7. Sell Other Assets 


Whether it’s a hard asset, like a secondary property, or a soft asset, like stocks, anything is hypothetically on the table. However, be aware of the tax implications. For example, in both the case of selling a cottage or some stocks, you’ll have to pay tax on the capital gains. That said, selling certain assets can have the added benefit of helping you reduce overall monthly spending moving forward. For instance, say you sold a Sea-Doo or a boat. You’d also be canceling your insurance, marina fees, and associated upkeep and gas expenses. “It’s not just selling the asset, it’s changing your lifestyle… to eliminate all of those extra costs,” says Bruinsma.


8. Dip Into Your Savings 


“Dipping into your savings is definitely an option for those people who are only short a little bit every month, and it’s not super-drastic,” says Bruinsma. However, she realizes that many younger to middle-aged Canadians don’t have much in the way of rainy-day funds. That raises concerns for the Clarity Personal Finance founder. “So then the temptation is to dip into the retirement fund, and this is where I would get very, very cautious and very nervous, particularly if those funds are sitting in an RRSP,” she says.
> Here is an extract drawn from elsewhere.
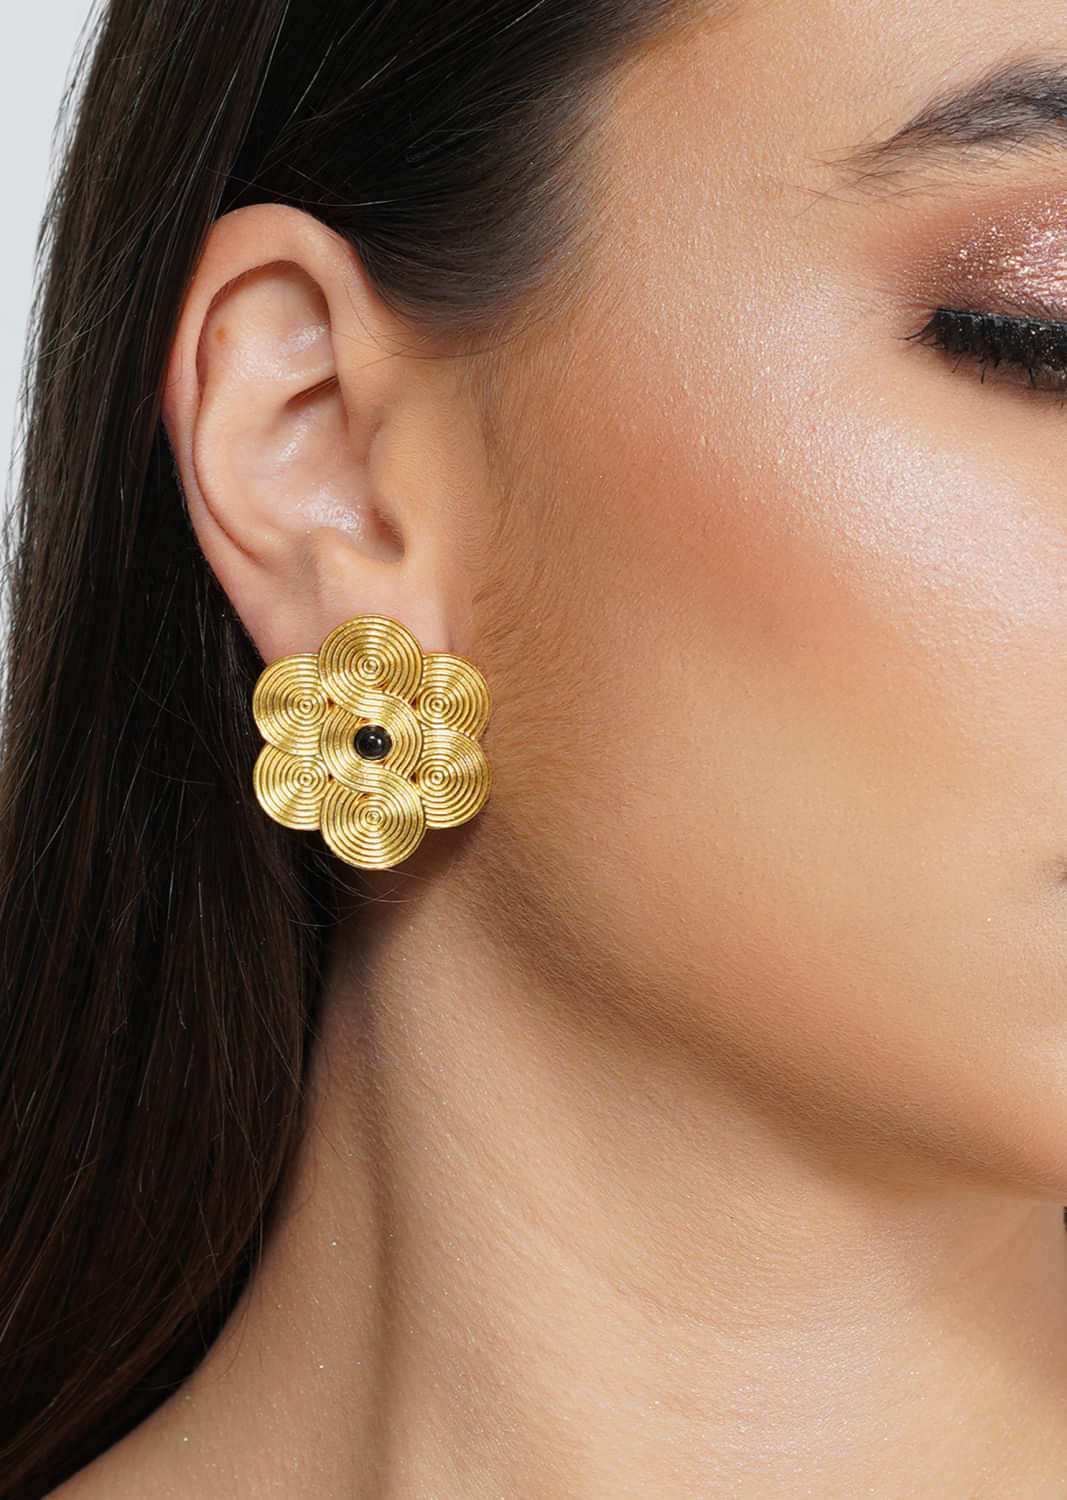 Gold Plated Stud Earrings In Floral Design Embellished With Black Onyx Stone In The Centre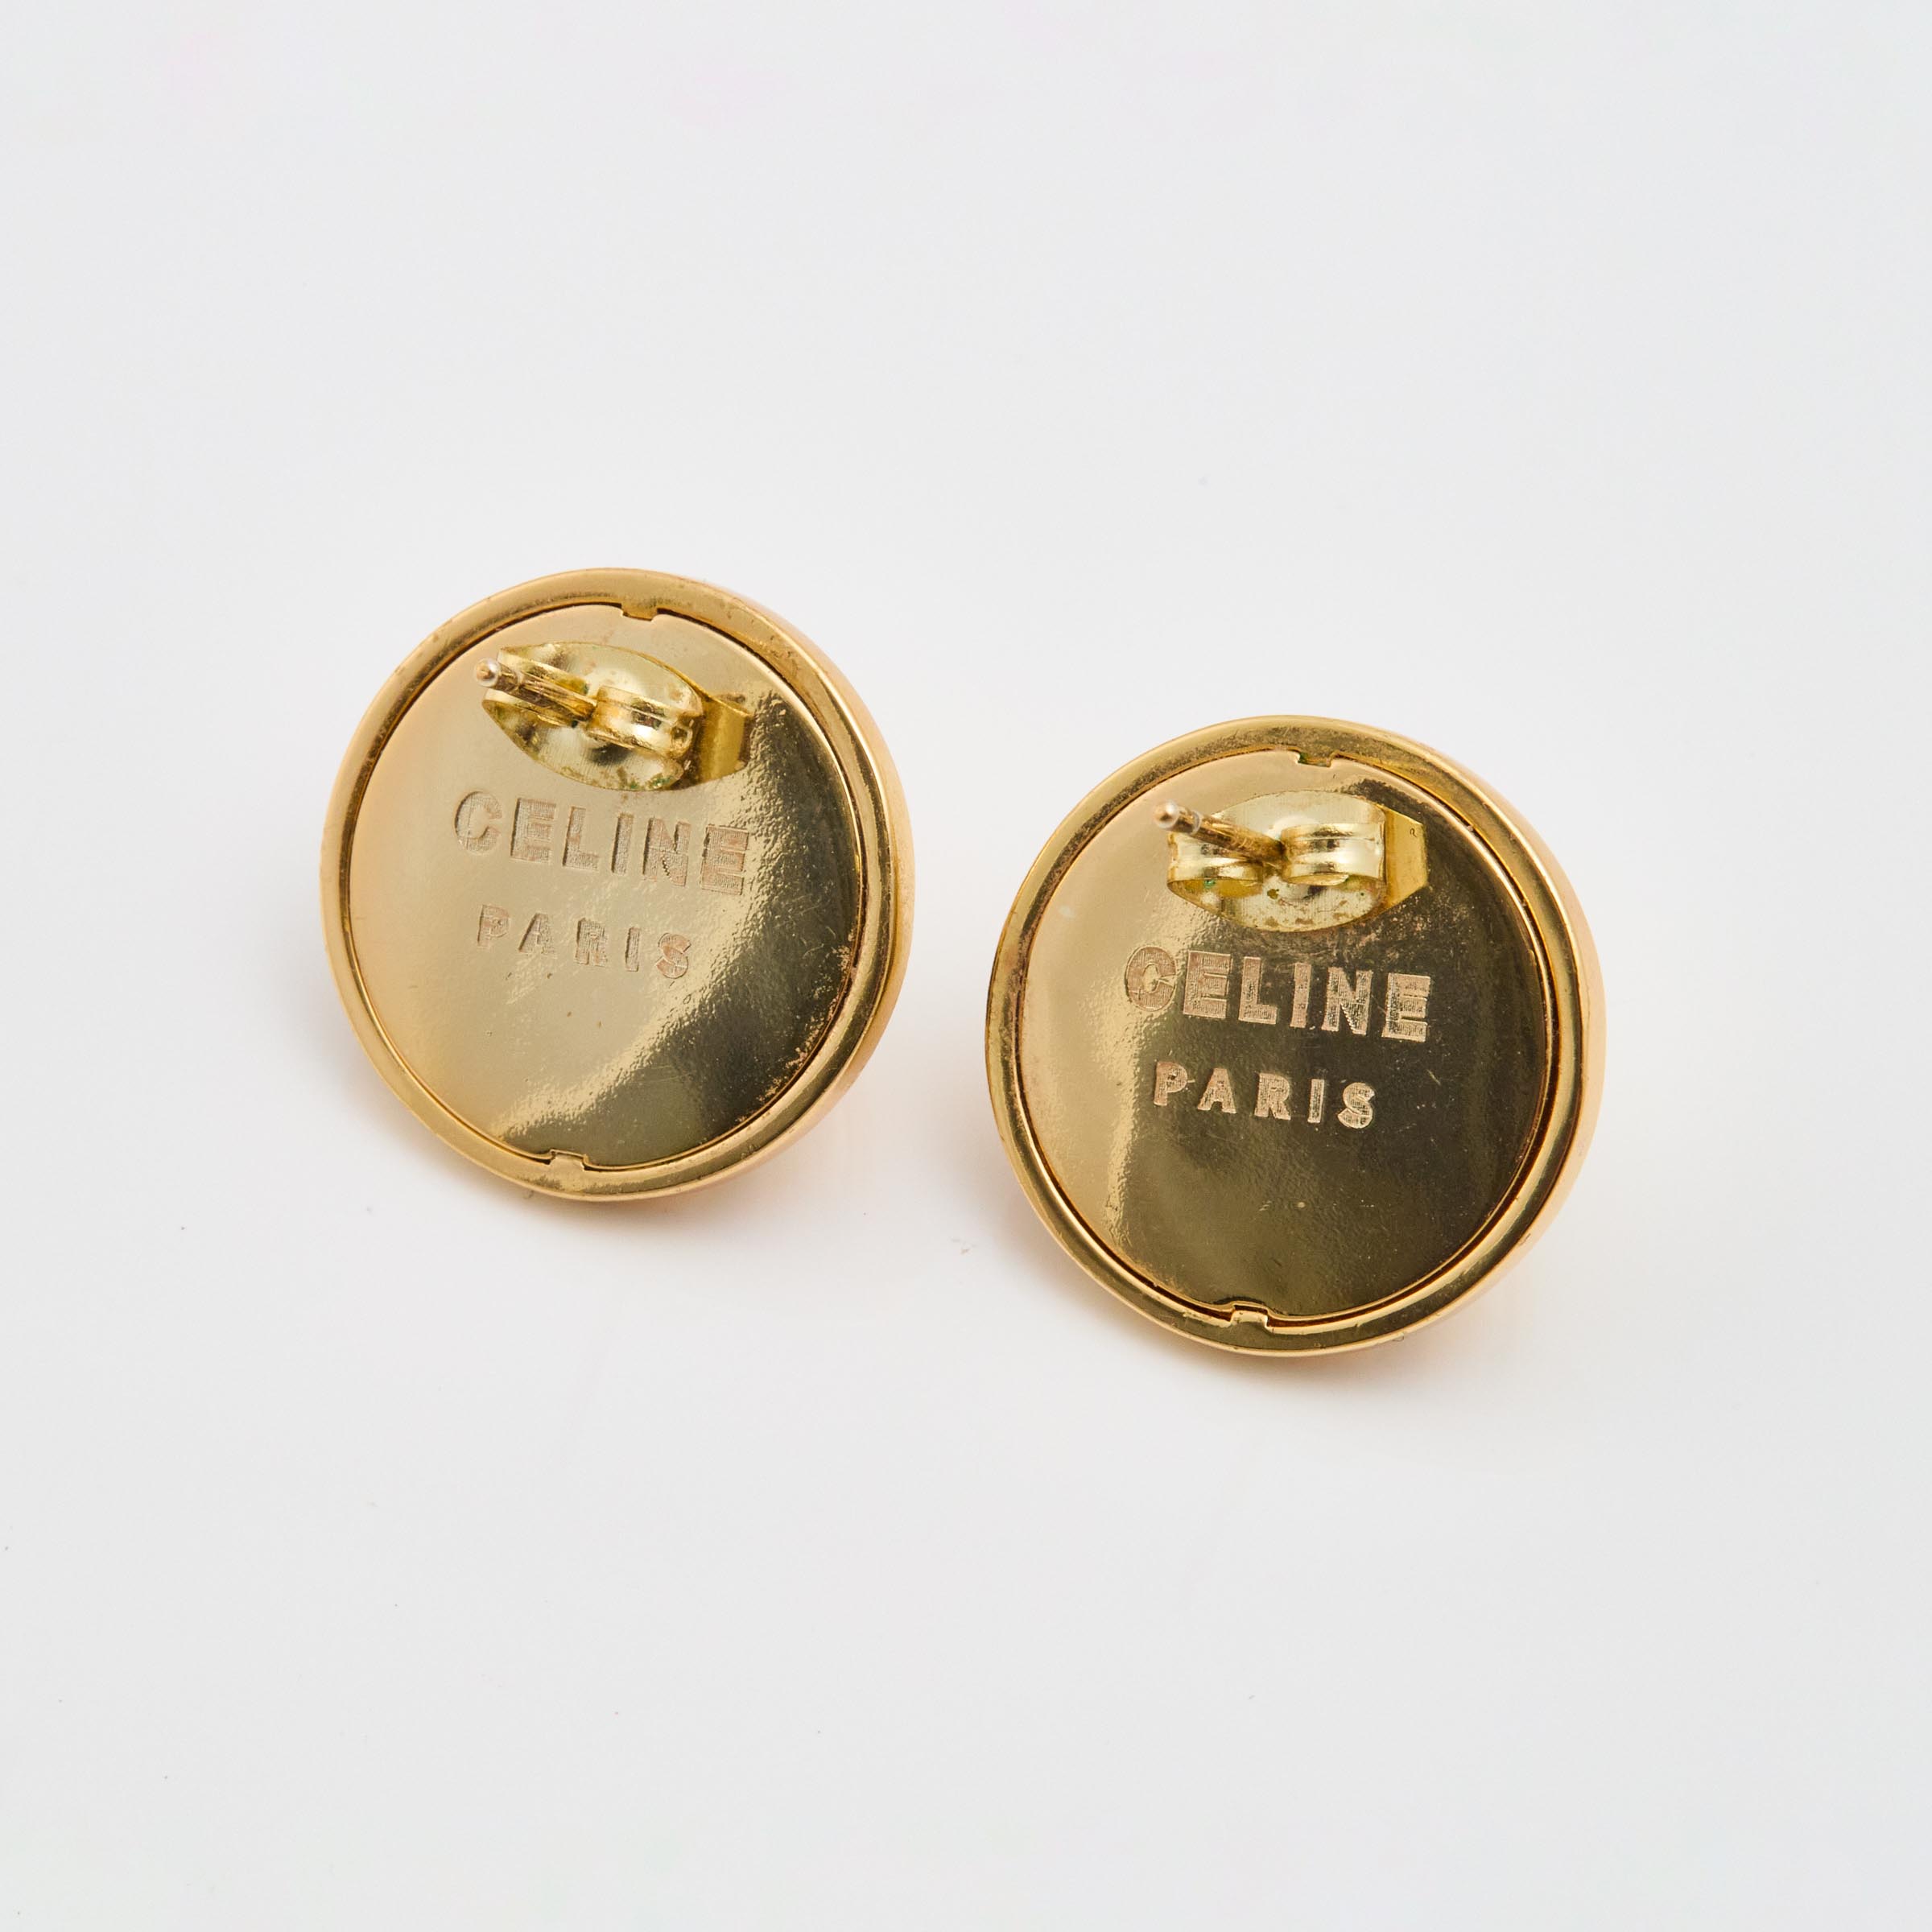 Pair Of Celine Gold-Tone Metal Button Earrings

For one, any money you take out of a Registered Retirement Savings Plan is considered taxable income, but that’s not all. “Of course, you’re sacrificing your future,” Bruinsma points out. “When you get out of this mortgage crisis, you have to rebuild your retirement savings again, and that can genuinely defer your ability to retire by five or 10 years — or more.”


9. Consolidate Your Debt  


For homeowners with various sources of debt — such as outstanding credit card debt or car loans, or the aforementioned unsecured line of credit — all those payments can add up. Working with your bank to consolidate the debt by refinancing it into a single loan is an idea worth exploring. “Getting a debt consolidation loan can lower the monthly payment. It may even lower your interest rate, if you have credit-card debt, so I think that is a very smart solution whether you have problems with your mortgage or not.”


10. Sell Your Home  


Throwing in the towel and selling your home is the “last resort,” both Weintraub and Bruinsma agree. For starters, there could be penalties for breaking your mortgage. And, earlier, when you purchased the home, you would’ve already paid land transfer taxes, realtor fees, legal fees, movers, and more. All of these expenses can erase any potential gains. Depending on when you purchased it, selling your home might even leave you further in the hole. The total transactional costs of buying and selling could equal 7 to 10% of the price of the home, Weintraub estimates. He emphasizes the importance of exhausting all other options before selling. “If you sell, then what are you going to do?” he asks, noting how competitive and expensive Canada’s rental markets are today. “Are you just solving one problem and getting another one the next day?”